Prefill-Decode Disaggregation (PD Disaggregation) is a KV cache-centric disaggregated decoding deployment mode. The prefill and decode phases are deployed in two independent clusters to fully utilize CPU, DRAM, and SSD resources to achieve tiered caching of the KV cache, which aims to maximize the throughput under latency-related service level objectives (SLOs), overcome performance bottlenecks in inference services, and demonstrate efficient performance in long-context input scenarios.

Application Scenarios

A KV cache-centric disaggregated inference framework is used to deploy the prefill and decode phases in independent clusters.

Supported Capabilities

PD Disaggregation makes full use of CPU, DRAM, and SSD resources to improve the throughput, demonstrating efficient performance in long-context input scenarios.

Highlights

  • Batch integration:

    In the original serial queue, regardless of the prompt length in a request, the prefill node executes the request before taking the next one from the queue. In scenarios where the user input is short, if the serial execution mode is used, a large amount of NPU computing power is wasted. The queue consumption mechanism is integrated based on the user input length and actual load. For instance, requests shorter than 1,024 tokens are batched together by merging several small or existing batches to raise execution parallelism and boost overall throughput.

  • PD load awareness:

    The absolute prefill length after prefix-cache hit is no greater than the preset threshold. On the one hand, if the prefill length of a request is short, the request can be effectively computed by adding the prefill request and the ongoing decoding request to the decoding engine. On the other hand, if the prefix cache hit is very long, prefill becomes memory-bound rather than compute-bound and can thus be computed more efficiently within the decoding engine. The number of remote prefill requests in the prefill queue is below the preset threshold. When the prefill queue is heavily backlogged, the prefill workers are lagging. In this case, it is better to perform the computing locally until more prefill workers are added.

Implementation Principles

PD Disaggregation adopts a KV cache-centric disaggregated inference framework. The prefill and decode phases are deployed in two independent clusters. Resources are allocated based on the specific requirements of each phase, ultimately achieving a balance between low latency and high throughput.
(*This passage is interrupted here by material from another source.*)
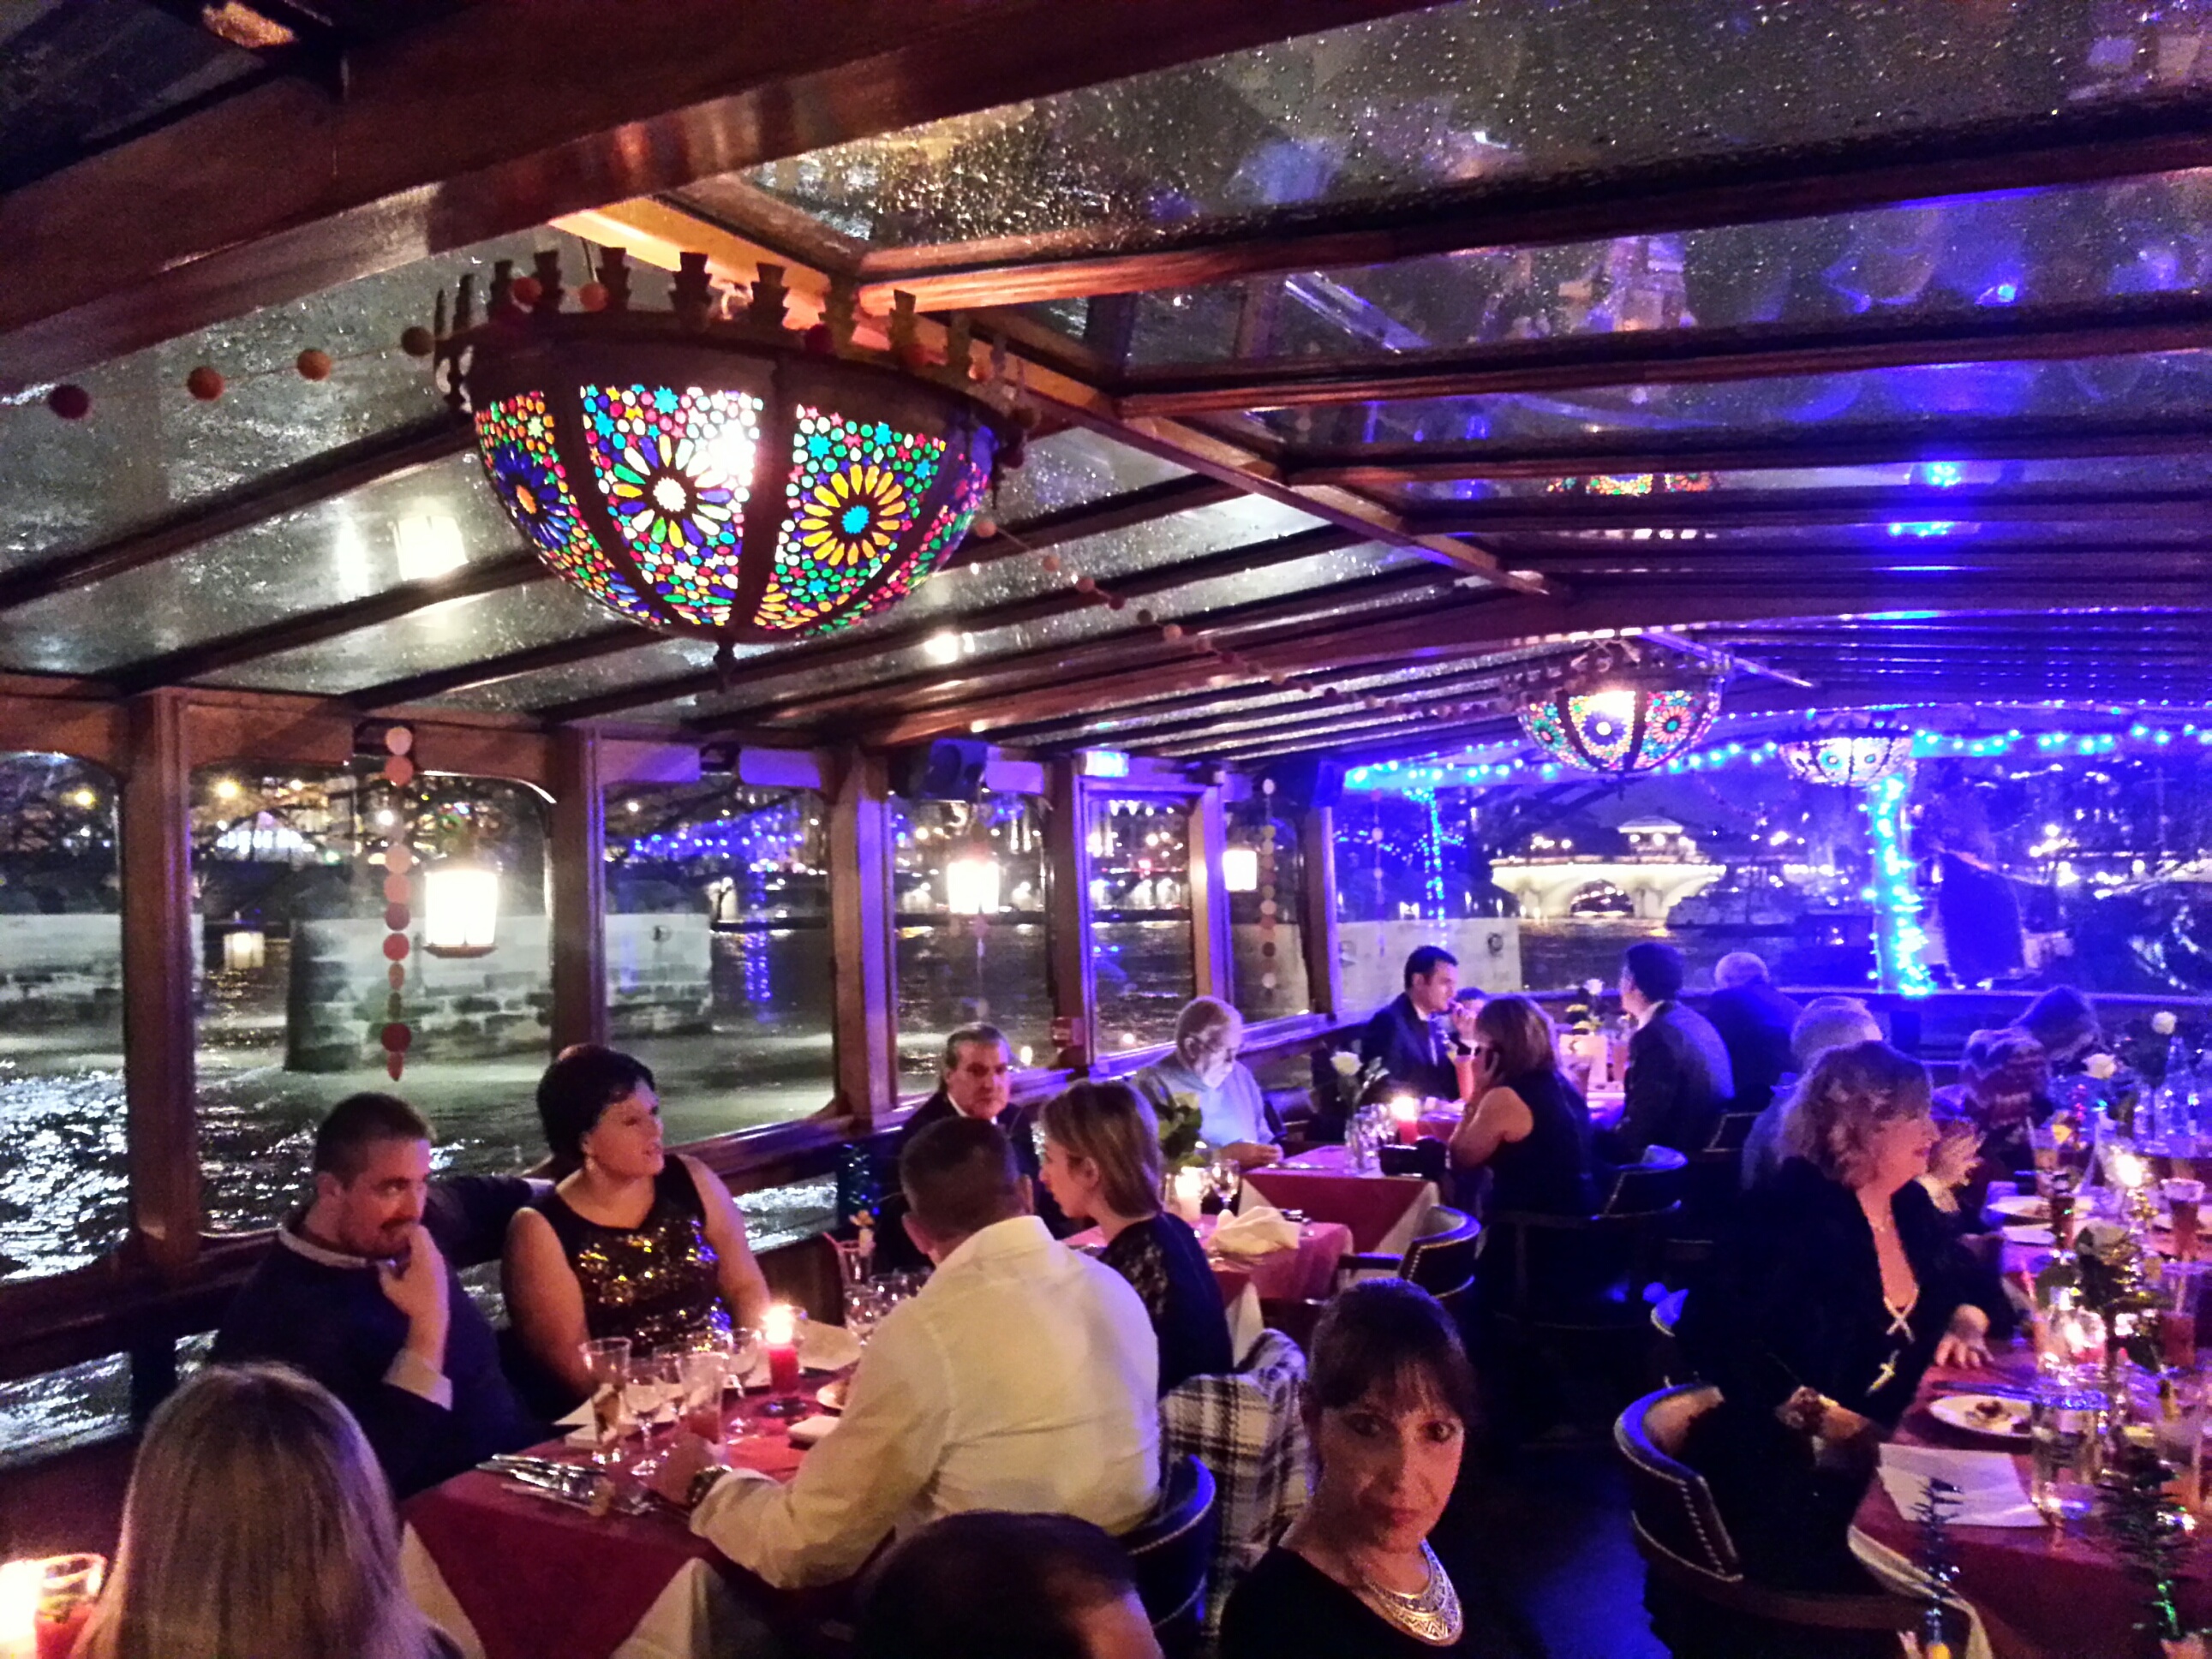 Le Calife - a glorious and and well lit dining expierence on the water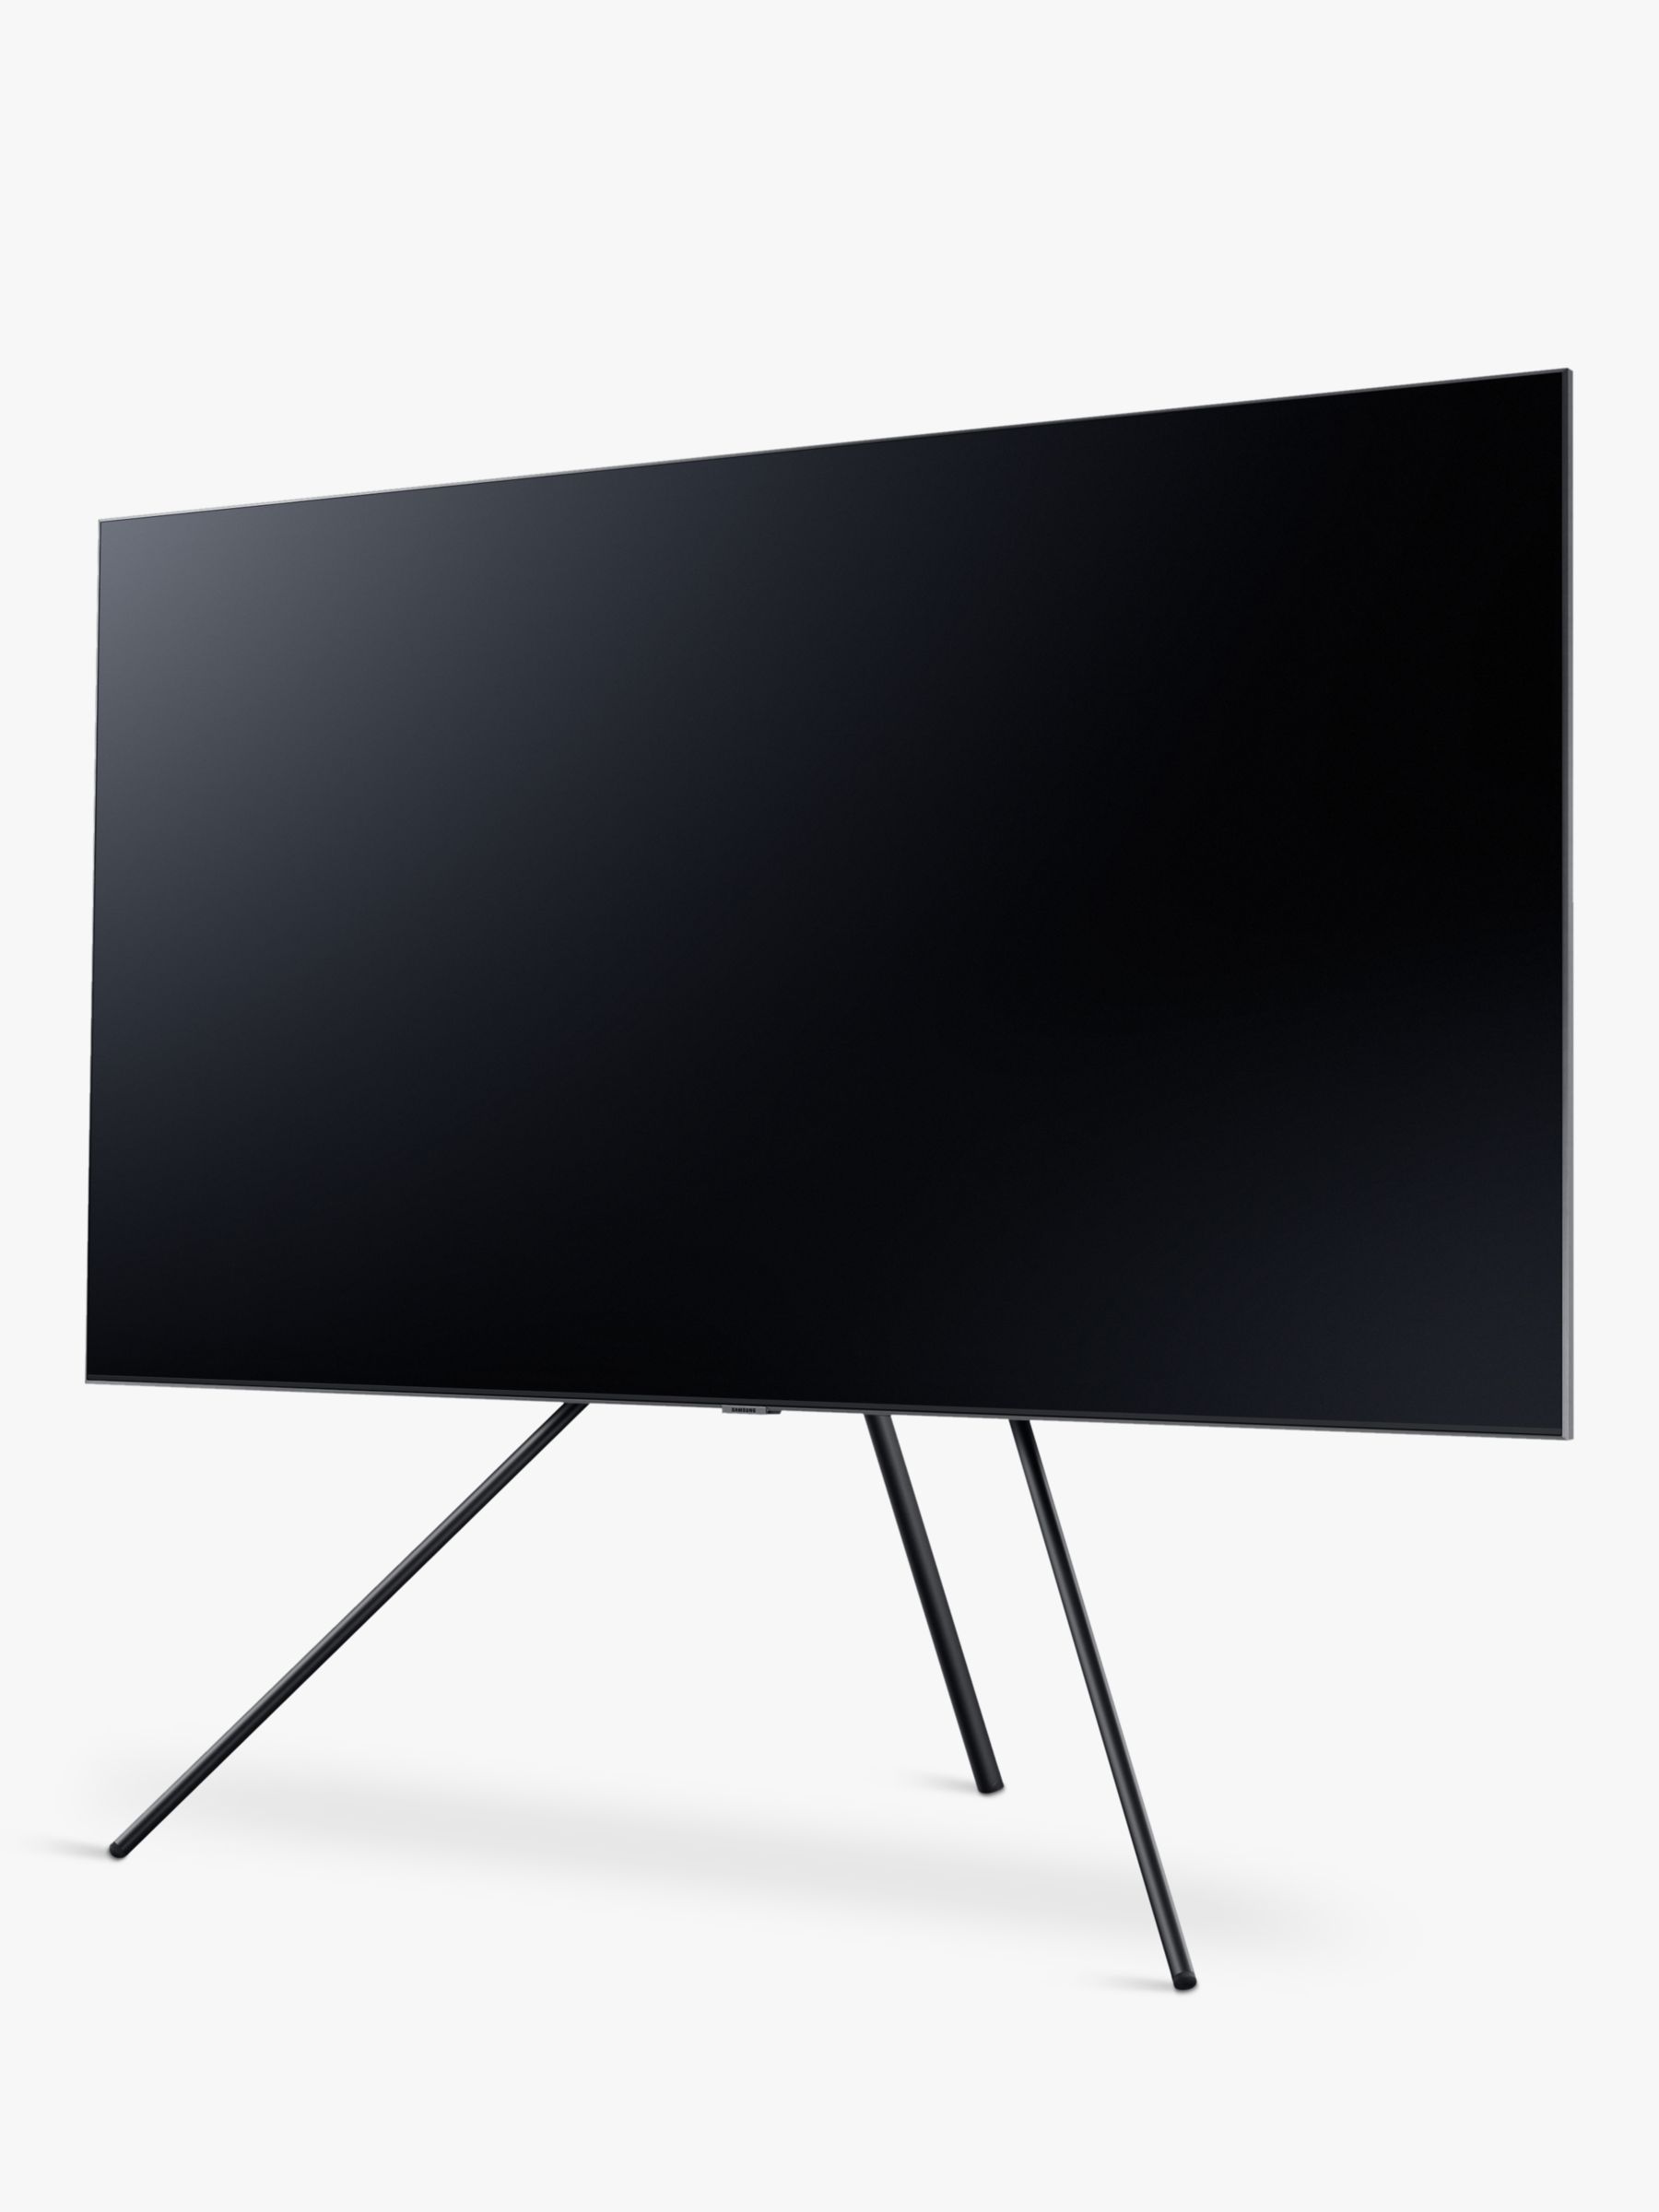 Samsung Studio Stand for QLED & The Frame 2020 TVs 43 inch to 65 inch at John Lewis & Partners

  • Mooncake: As a communication tool in the PD disaggregation process, Mooncake can quickly transmit data such as the KV cache between the prefill and decode phases.
  • vLLM: The vLLM can be used as an inference compute component in the prefill or decode phase in the PD disaggregation architecture to provide inference APIs.

Installation

Prerequisites

You need to check the mounting of shared storage and the network connectivity on the parameter plane. The details are as follows:

  • Shared storage mounting
  1. Run the ll /mnt command to check whether the storage is automatically mounted.
  2. If the storage is not mounted, run the mount -t dpc /kdxf /mnt command to mount the storage.
  • Network connectivity on the parameter plane
  1. Run the for i in {0..7}; do hccn_tool -i $i -link -g; done command to check the up or down status of the network port. If the network port is not down, the network port is normal.

  2. Run the for i in {0..7}; do hccn_tool -i $i -link_stat -g; done command to check whether the network port is intermittently disconnected. If the network port is not intermittently disconnected, the network port is normal.

  3. Run the for i in {0..7};do hccn_tool -i $i -tls -g|grep "tls switch";done command to check the TLS configuration. The normal configuration is as follows:

    check

    If the value is not 0, run the for i in {0..7};do hccn_tool -i $i -tls -s enable 0;done command to set the TLS to 0.

  4. Run the following commands to disable the firewall:

    systemctl stop firewalld
    systemctl disable firewalld
  5. To check the network connectivity on the parameter plane, use all cards in the cluster to ping the IP address of the same card.

    5.1 Run the cat /etc/hccn.conf command on a server to record the value of device ip in the cluster environment. The IP address is indicated by [ip] in the subsequent steps.

    5.2 Run the for i in {0..7}; do hccn_tool -i $i -ping -g address [ip]; done command on all servers in use.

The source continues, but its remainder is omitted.